Melbourne, July 1: Authorities will lock down around 300,000 people in suburbs north of Melbourne for a month from late on Wednesday to contain the risk of infection after two weeks of double-digit rises in new coronavirus cases in Australia's second-most populous state.

Australia has fared better than many countries in the pandemic, with around 7,830 cases and 104 deaths, but the recent surge has stoked fears of a second wave of COVID-19, echoing concerns expressed in other countries.

Globally, coronavirus cases exceeded 10 million on Sunday, a major milestone in the spread of a disease that has killed more than half a million people in seven months.

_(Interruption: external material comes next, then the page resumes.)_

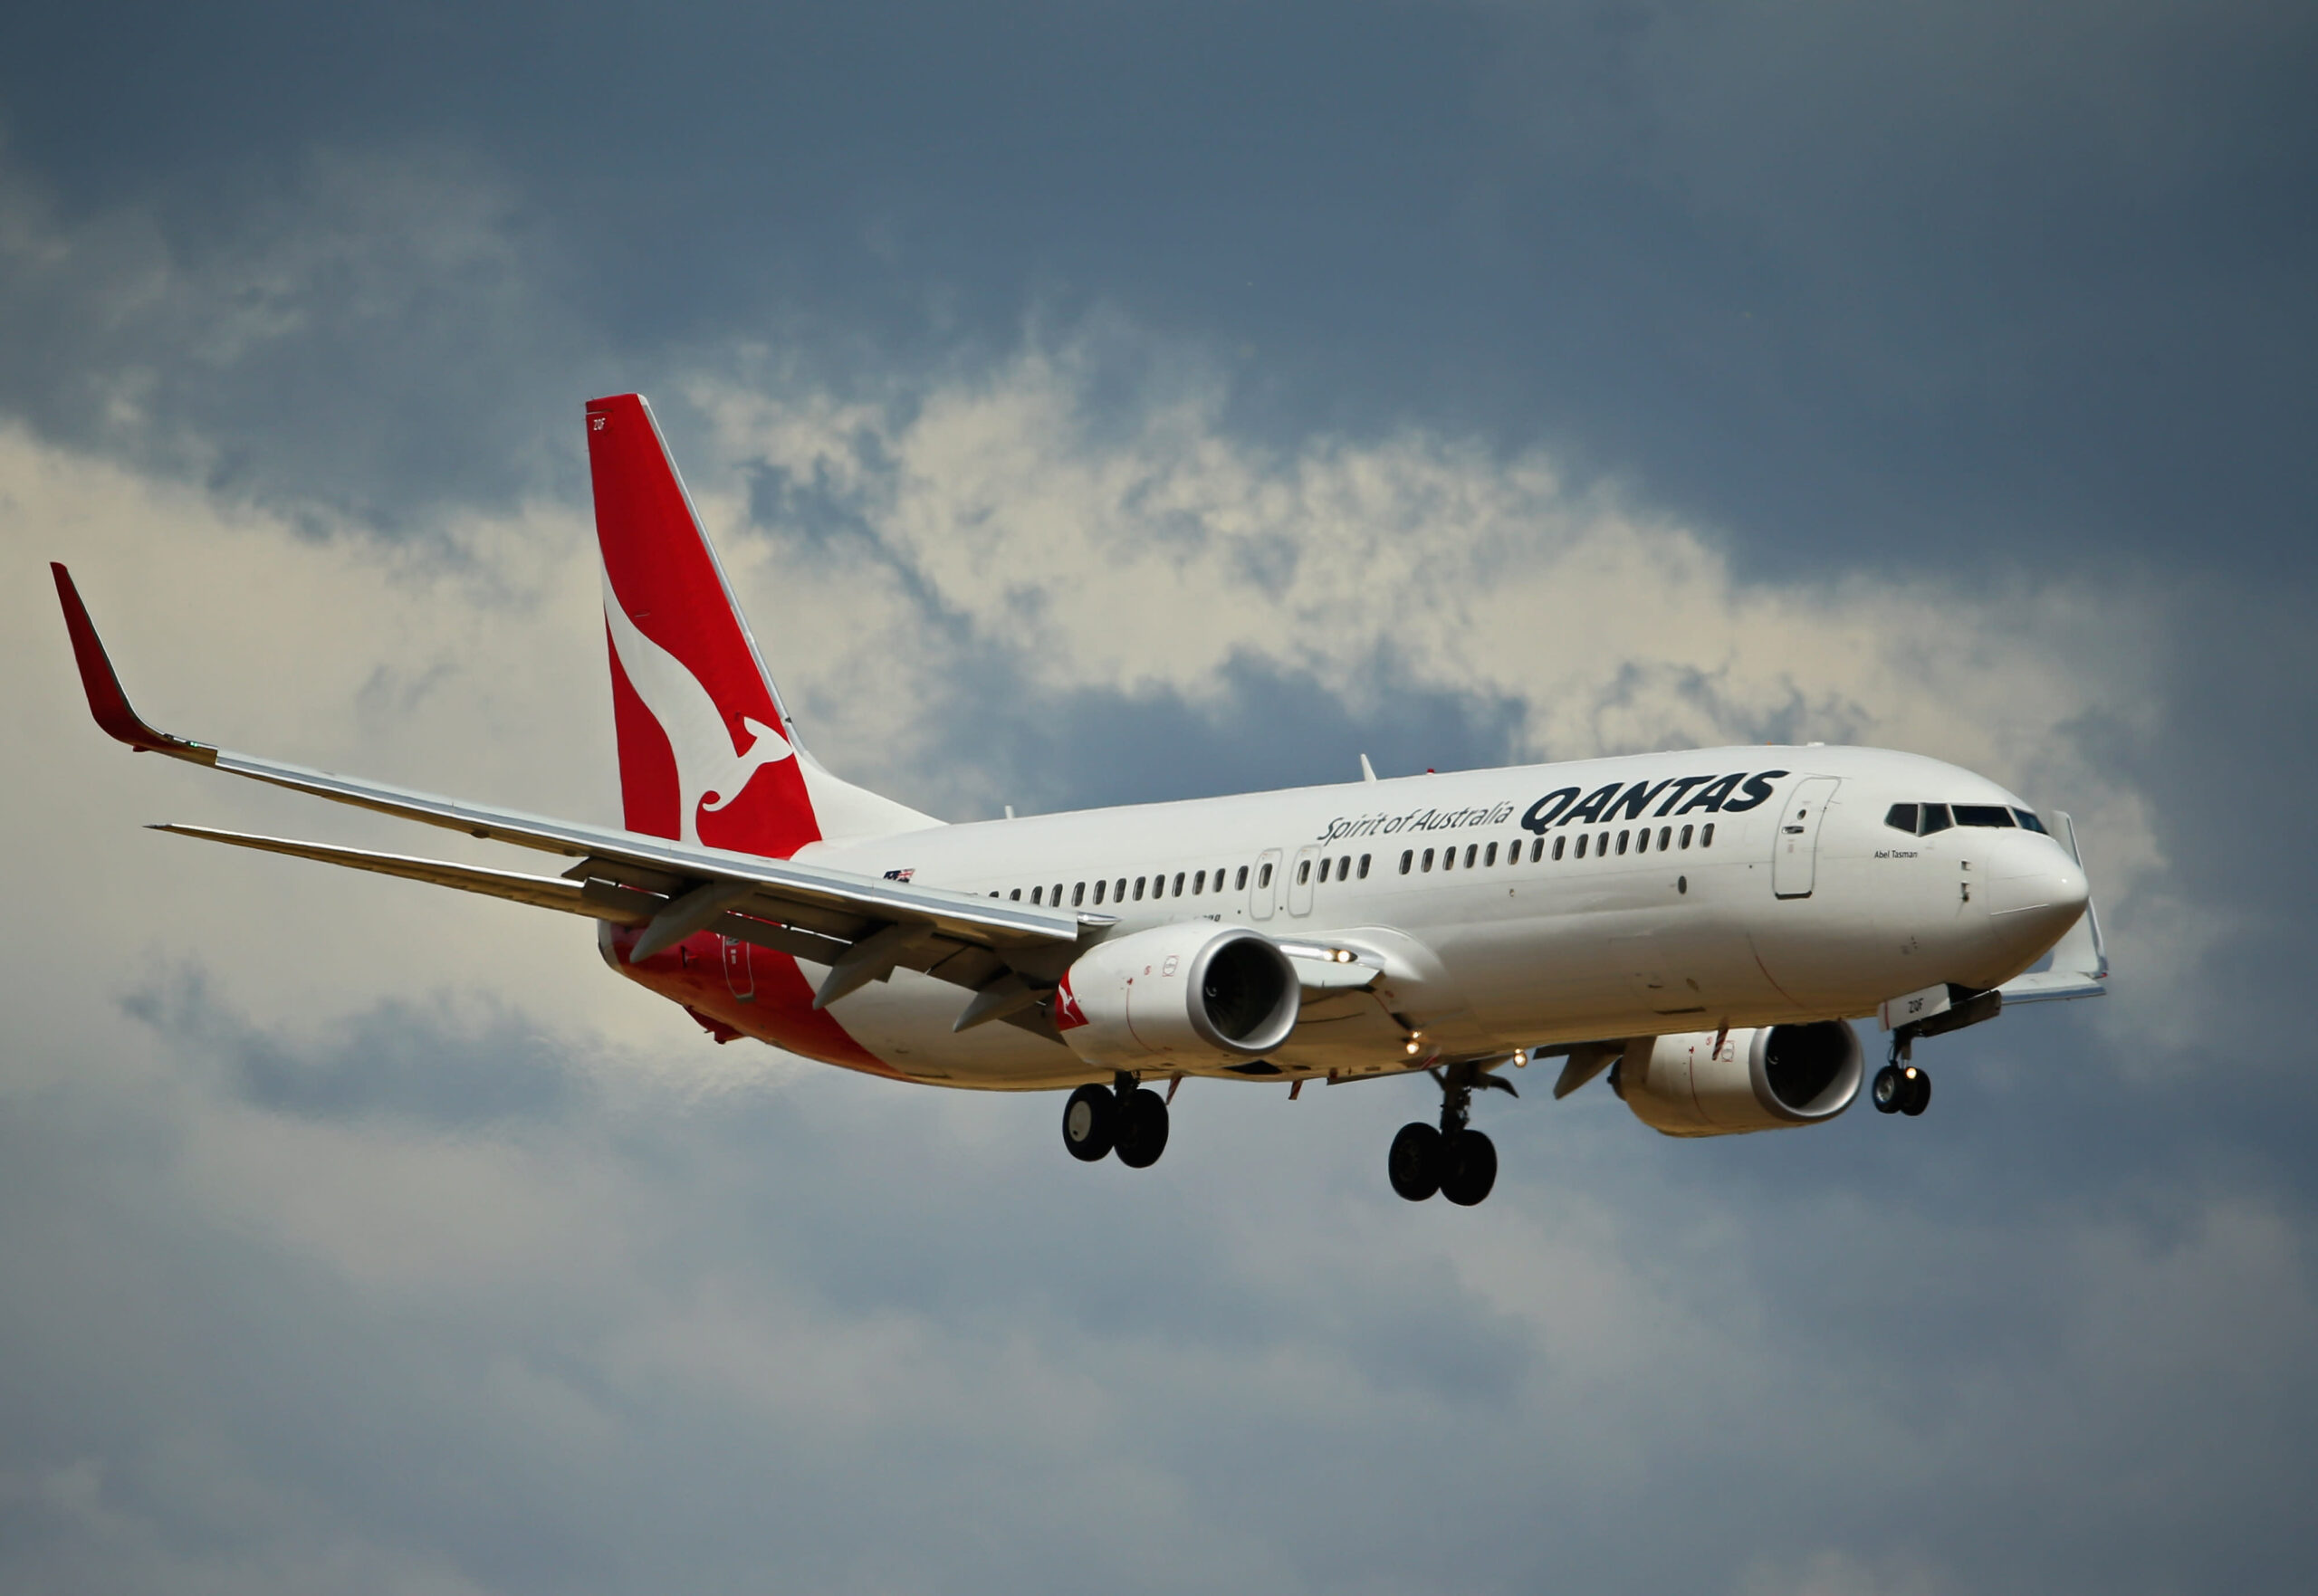 Qantas just one of many Australian big businesses placing profit over people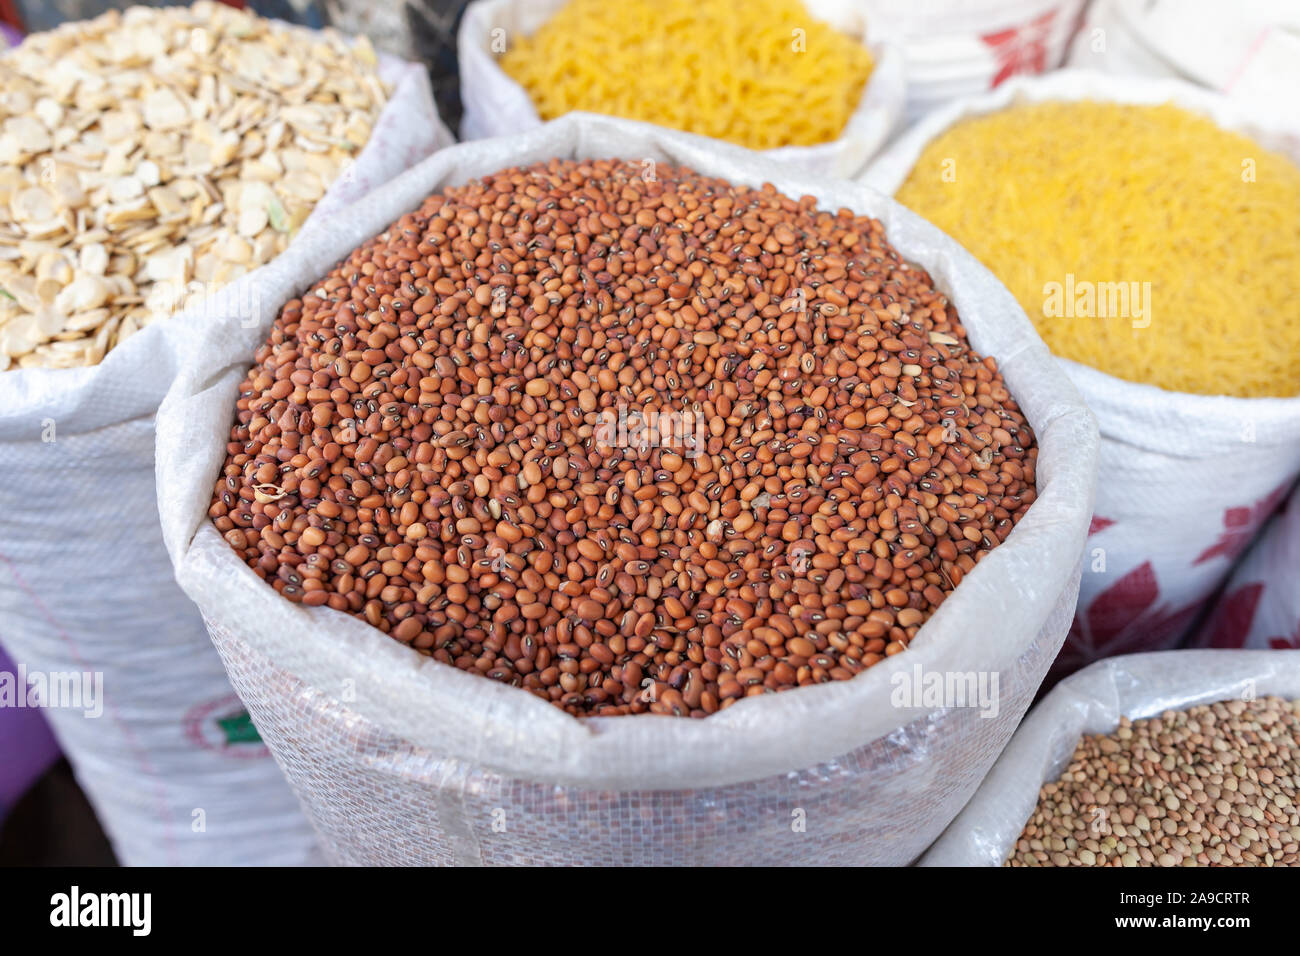 Different kind of ingredients as beans, corn, lentils all filled in bags in a grocery store in Morocco. Typical arrangement of everyday food. Stock Photo

From midnight, more than 30 suburbs in Australia's second-biggest city will return to stage three restrictions, the third-strictest level in curbs to control the pandemic. That means residents will be confined to home except for grocery shopping, health appointments, work or caregiving, and exercise.

The restrictions will be accompanied by a testing blitz that authorities hope will extend to half the population of the area affected, and for which borders will be patrolled, authorities said. The measures come as curbs ease across the rest of the state of Victoria, with restaurants, gyms and cinemas reopening in recent weeks.

Victoria recorded 73 fresh cases on Tuesday from 20,682 tests, following an increase of 75 cases on Monday. State premier Daniel Andrews warned on Wednesday that the return of broader restrictions across city remained a possibility.

"If we all stick together these next four weeks, we can regain control of that community transmission ... across metropolitan Melbourne," Andrews said at a briefing. "Ultimately if I didn't shut down those postcodes I'd be shutting down all postcodes. We want to avoid that."

Victoria's spike in cases has been linked to staff members at hotels housing returned travellers for which quarantine protocols were not strictly followed. Victorian state authorities have announced an investigation into the matter.

Some other Australian states and territories are preparing to open borders, but applying limits and quarantine measures to citizens of Victoria as the school holiday season gets under way.

South Australia, the country's fifth most populous state, has had just three new cases in the past month. But citing the spike in coronavirus infections, on Tuesday it cancelled its scheduled reopening to other parts of the nation.

New South Wales (NSW), Australia's most populous state, has stopped short of closing its borders to all Victorians, but those holidaying from hotspot areas - not permitted under NSW rules - can be handed a fine of A$11,000 ($7,596) or jailed if they are detected, state authorities said.

The delays reopening internal borders cast doubts over a federal plan to set up "travel bubble" with neighbouring New Zealand that would allow movement between the two countries.